Principle of Superposition
The resultant deformation of the body is equal to the algebraic sum of the deformation of the individual section. Such principle is called as principle of superposition
In the analysis of axial loaded bars we use the principle of superposition. By draw the free body diagrams of each section of the bar for finding out the required stresses and strains or deformations. we can understand the concept with the following example.
Example:
Q.1. Determine the stress in each section of the bar shown in the figure.The PQ and RS segments are having a length of 1 meter and QR segment is 1.5 m. The cross section of bar is 10 mm square. What will be the total extension of the bar? The Young's modulus of bar material E = 210000 MPa.
Solution :
Check the equilibrium of the bar, the sum of total forces in X- axis is ∑ Fx = 0
- 63 + 35 + 49 - 21 = 0
Write the free body diagram of the each portion of the bar
The each part of the bar should be in equilibrium by introducing the internal forces as shown in the above fig.
1.Segment- PQ
The area of the bar = A = 10x10 =100 mm2
The axial tensile force acting in left side of segment P1 = + 63 kN
For equilibrium the right side of the segment is also subjected to same force P1 = + 63 kN
The stress in segment PQ =
s1 = P1/A = 63000/100 =63N/mm2 (Tensile stress)
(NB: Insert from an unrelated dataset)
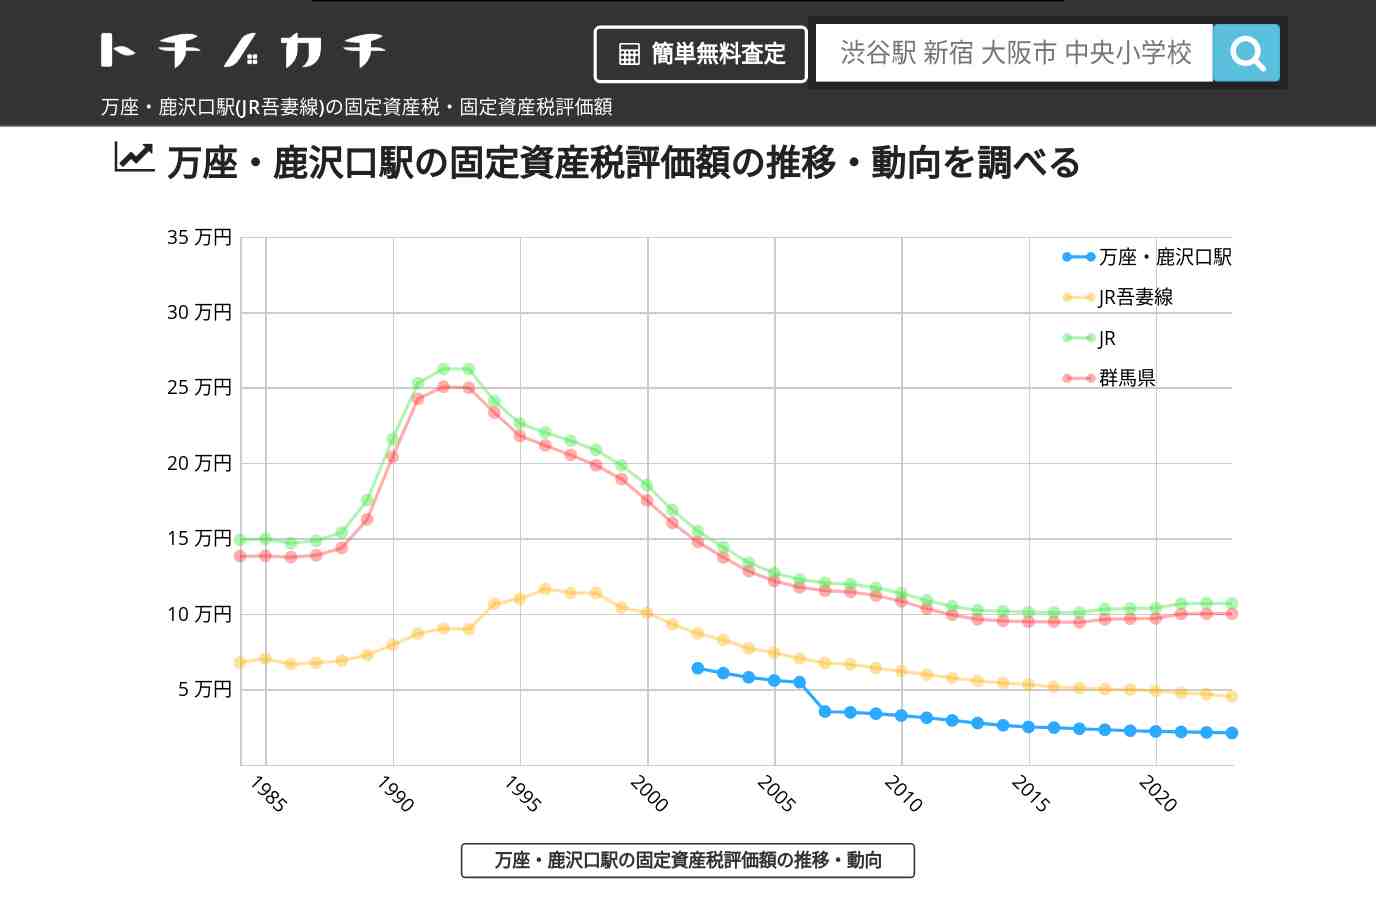 万座・鹿沢口駅(JR吾妻線)の固定資産税・固定資産税評価額 | トチノカチ
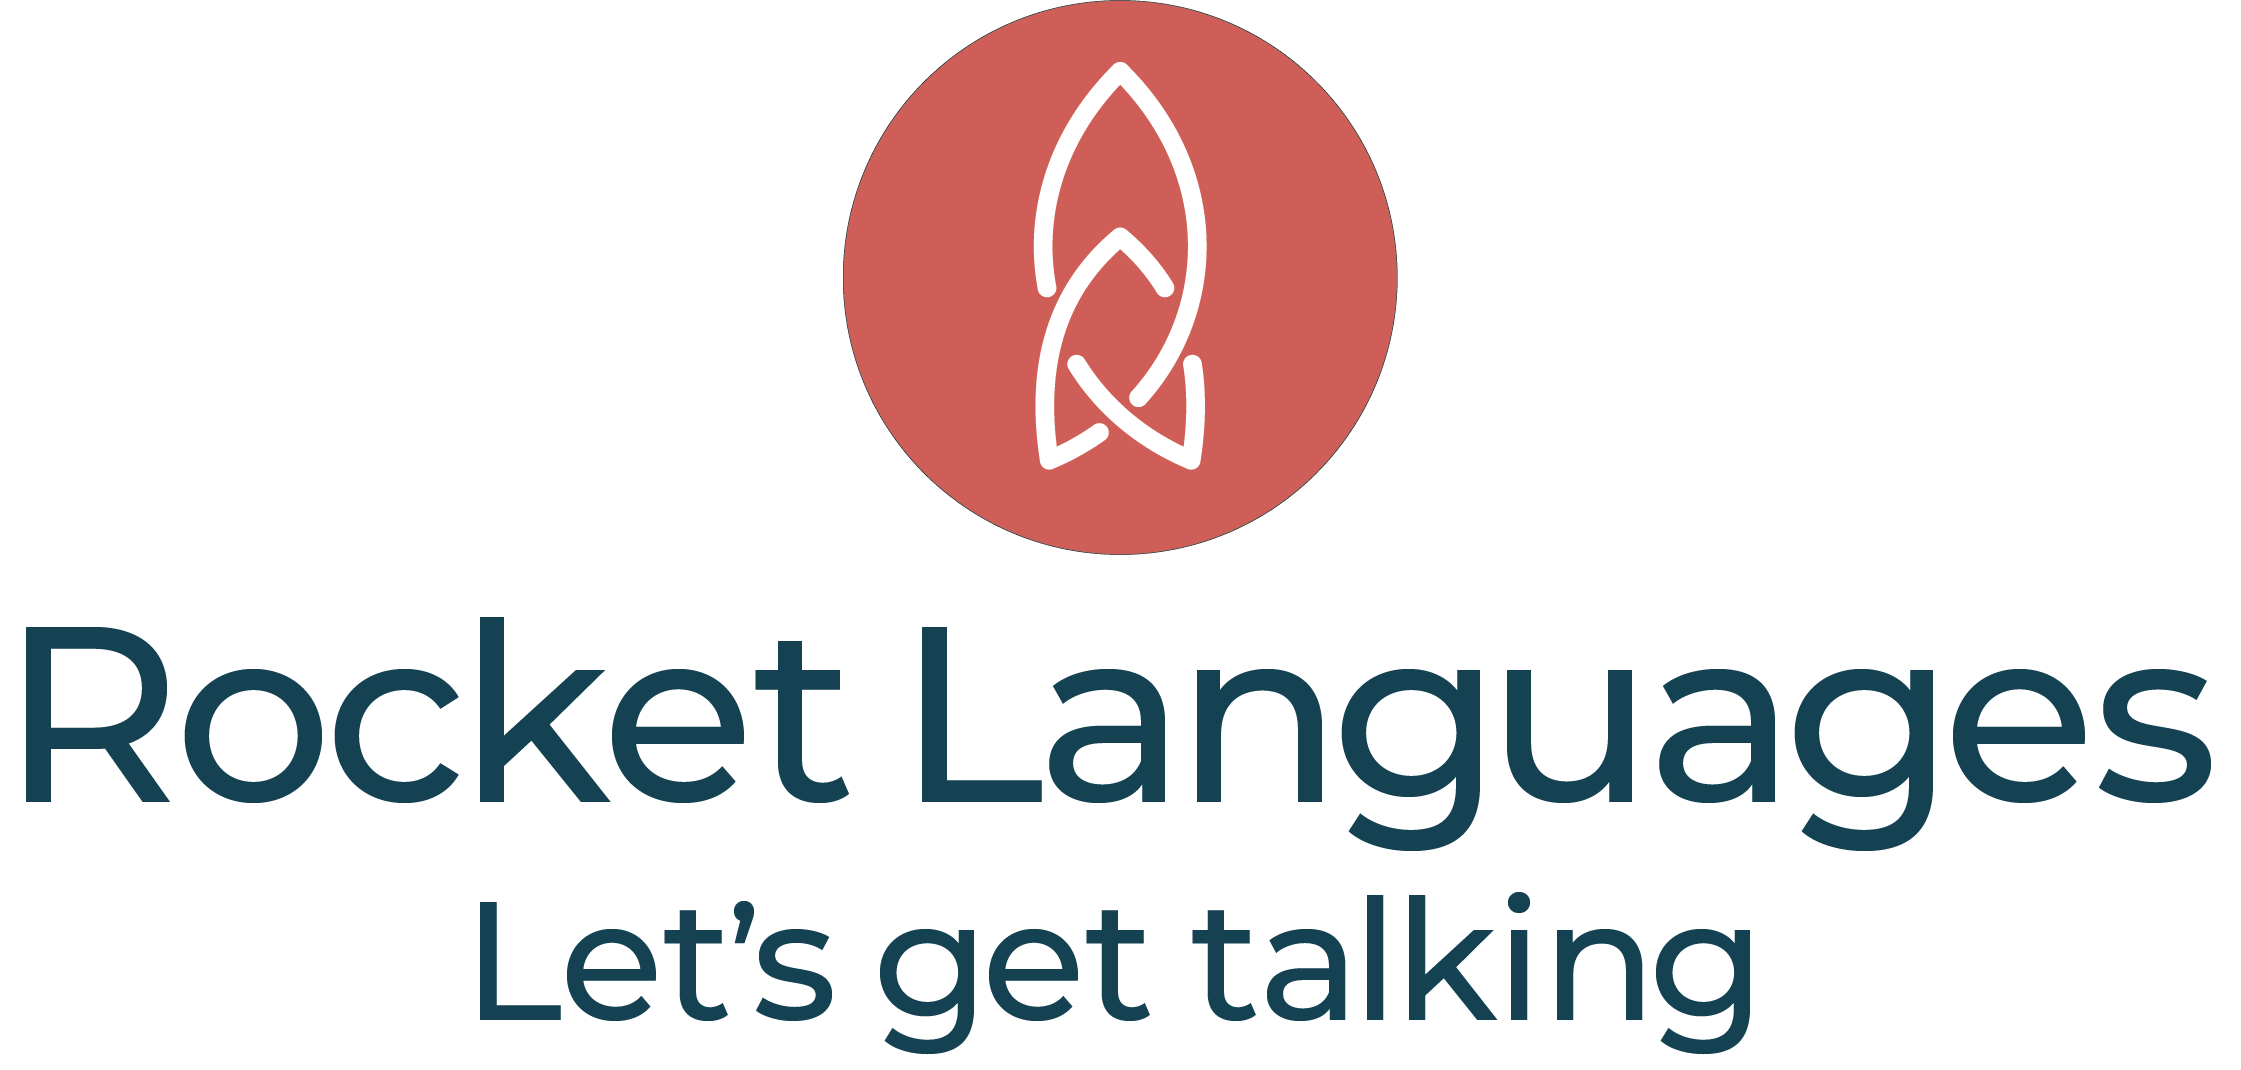 rocket-languages-stacked.png

The elongation in segment PQ =ΔL1 =PL/AE
ΔL1 = (63000x1000)/ (100x2100000) = 0.3 mm
Segment-2, QR
The area of the bar = A = 10x10 =100 mm2
The axial tensile force in segment QR =
The right side net internal force P2 =
(+P1) - 35 = 63 - 35 = + 28kN
The axial tensile stress in segment 2 =
s2 = P2/A = 28000/100 = 280N/mm2
The elongation in segment QR =ΔL2 =PL/AE
ΔL2 = (28000x1500)/ (100x2100000) = 0.2 mm
3.Segment- RS
The area of the bar = A = 10x10 =100 mm2
The axial compressive force acting left side of segment RS = P3 = - 21kN =-21000 N
Check: The internal force on right side of the segment is = p2 - 49 = 28 - 49 = -21kN
The stress in segment 3 =
s3 = P3/A = - 21000/100
= -210 N/mm2 (compressive stress)
The shortening in segment 3 =ΔL3= PL/AE
ΔL3 = (-21000x1000)/ (100x2100000) = -0.1 mm
The total extension of the bar is equal to sum of the extensions of all three segments PQ,QR,RS
ΔL= ΔL1+ ΔL2+ΔL3
ΔL = 0.3 + 0.2 - 0.1 = 0.4 mm
The Deformations of bars of varying sections
Let us see the following figure, where we can see a bar of having different length and different cross-sectional area and bar is subjected with an axial load P.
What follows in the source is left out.